Python Virtual Environments: A Primer - Real Python

Why virtual environments?

Python is a programming language that is considered one of the most simple programming languages in terms of syntax and complexity. This is one of the main reasons why it has been adopted by many non-technical/non-programming communities as their go to choice for rapid prototyping. It offers an extensive archive of modules and libraries for any type of problem, which means that users can find an easy solution that addresses their needs.

Easy access to a wide range of libraries, has a downside in the case of Python. Specifically, managing these dependencies can quickly become a burden since, many issues can occur ranging from dependency conflicts to overwriting system required python packages and reproducibility issues.
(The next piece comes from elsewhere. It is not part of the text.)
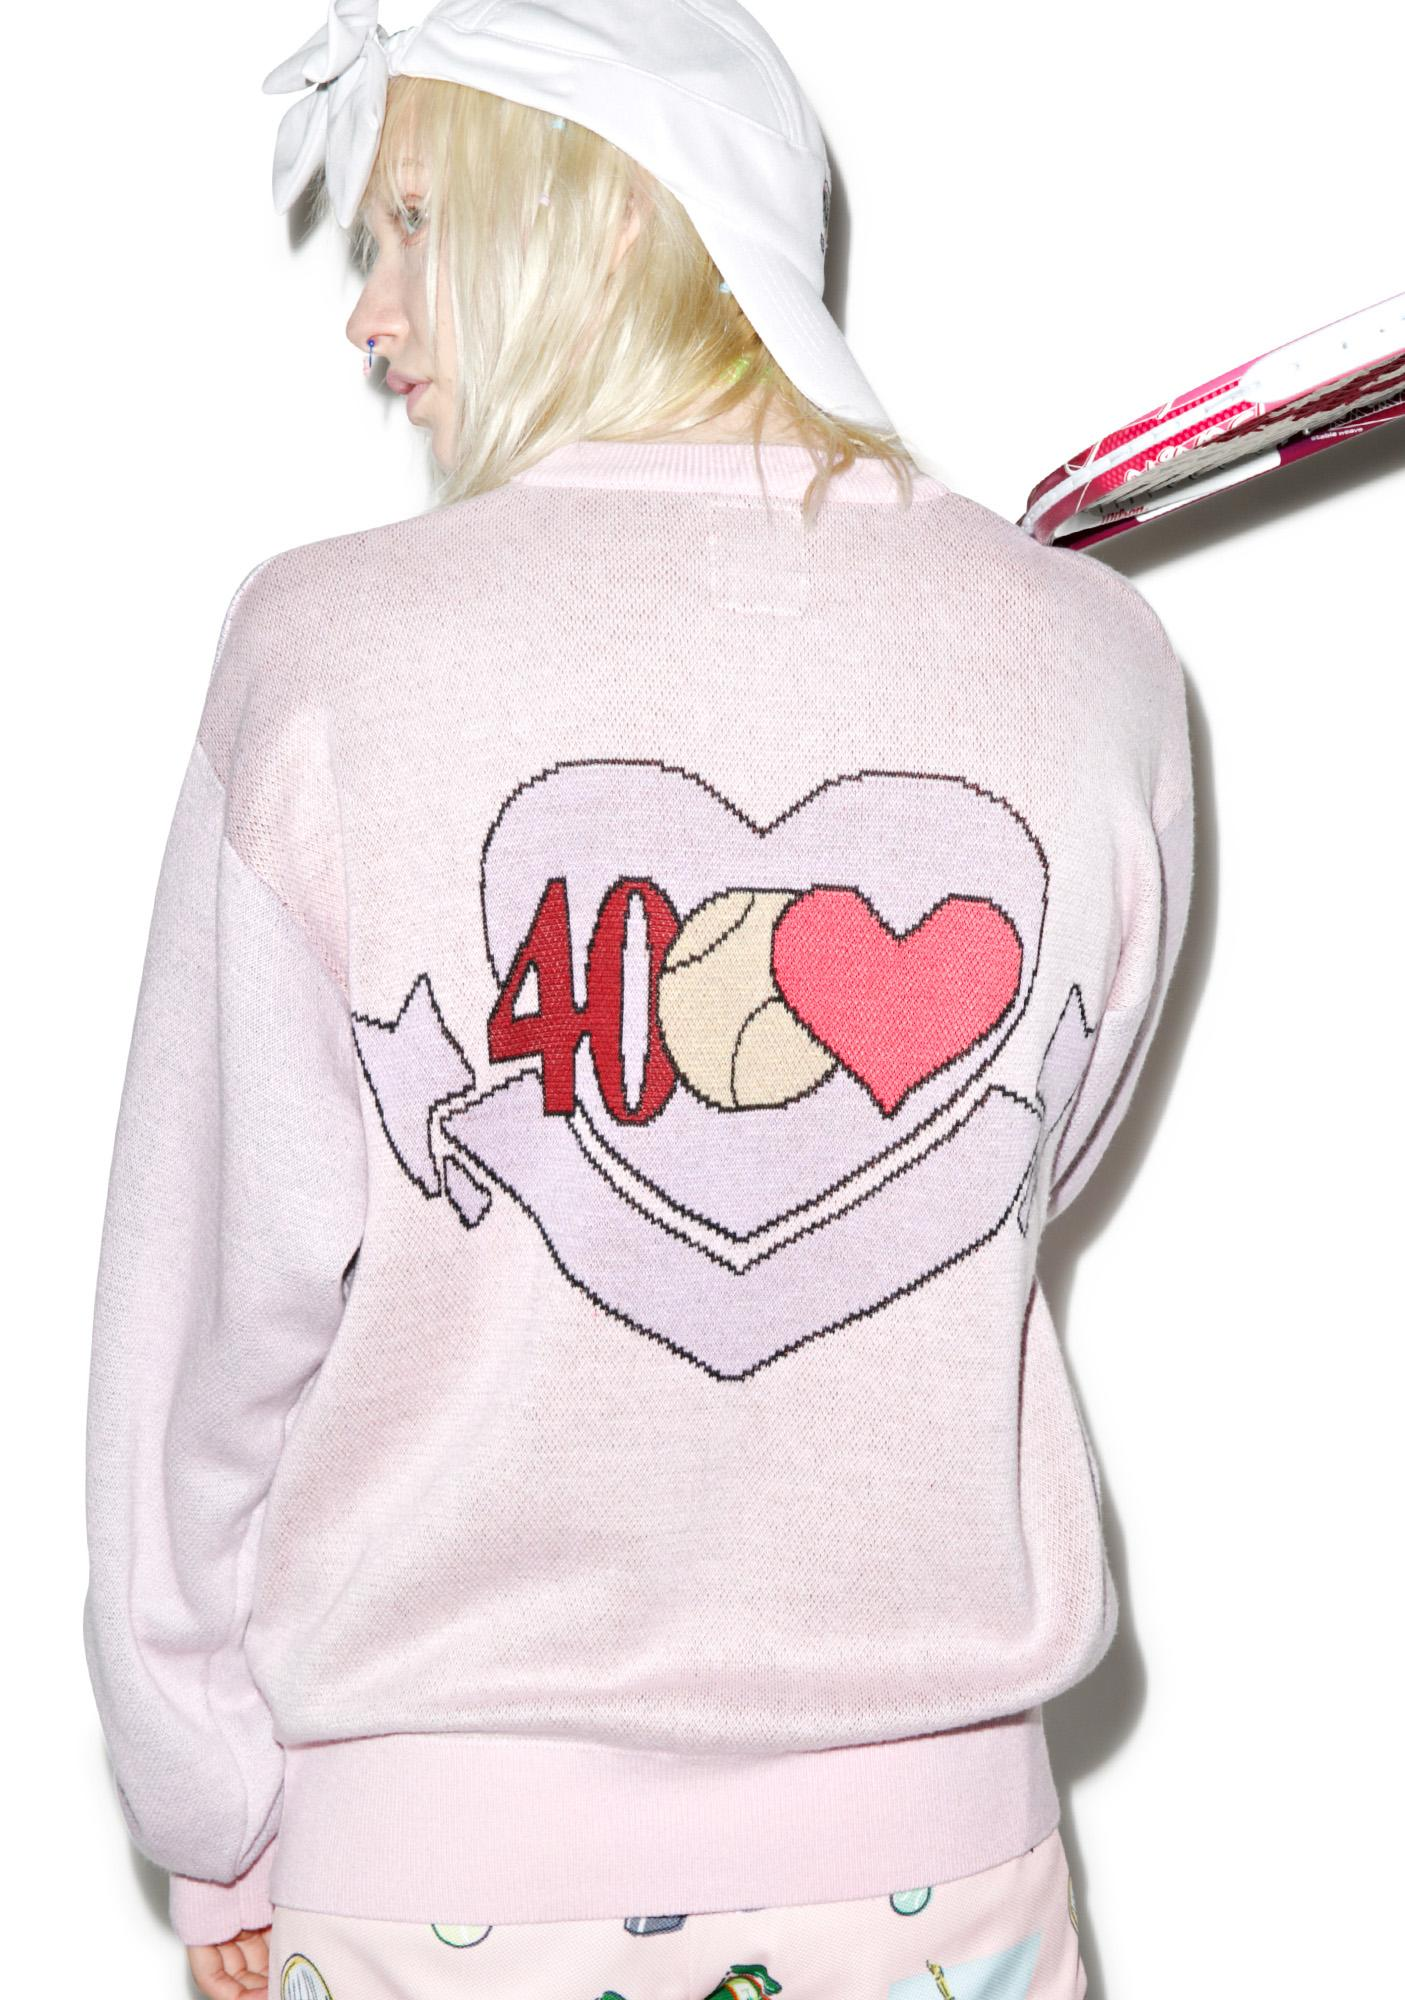 Joyrich 40Love Knit Crew

This is why virtual environments are considered the go solution for isolating the working environments between projects and thus alleviating all the aforementioned issues.

System Pollution

Mac and Linux-based operating systems usually come with a preinstalled version of Python used by the OS for internal procedures. Installing packages to the systems global Python, creates the risk of interfering with system-relevant operations and thus leading to systems related failures or

Dependency Conflicts

It is a commonplace issue between software project to require different version of the exact same library. In the case of a single global dependency management system, the option to maintain projects with different library version is unavailable. The reason is that when installing a second version of the same library, it overwrites the first!

Reproducibility Issues

If you want to replicate the environment used locally to run a specific software project, it will be incrementally more difficult to track down all required packages in the case of a single global python installation. Virtual environments solve this issue by allowing the separation of dependency management system, between different environments.

Installation Privilege Lockouts

In case of host computers where the access is limited for security issues, the installation of python packages in the global python system is usually restricted (e.g. Rockfish HPC). Only administrators are allowed to add new package as this affect all users and the stability of the operating system. Creating virtual environments is a way to circumvent this issue.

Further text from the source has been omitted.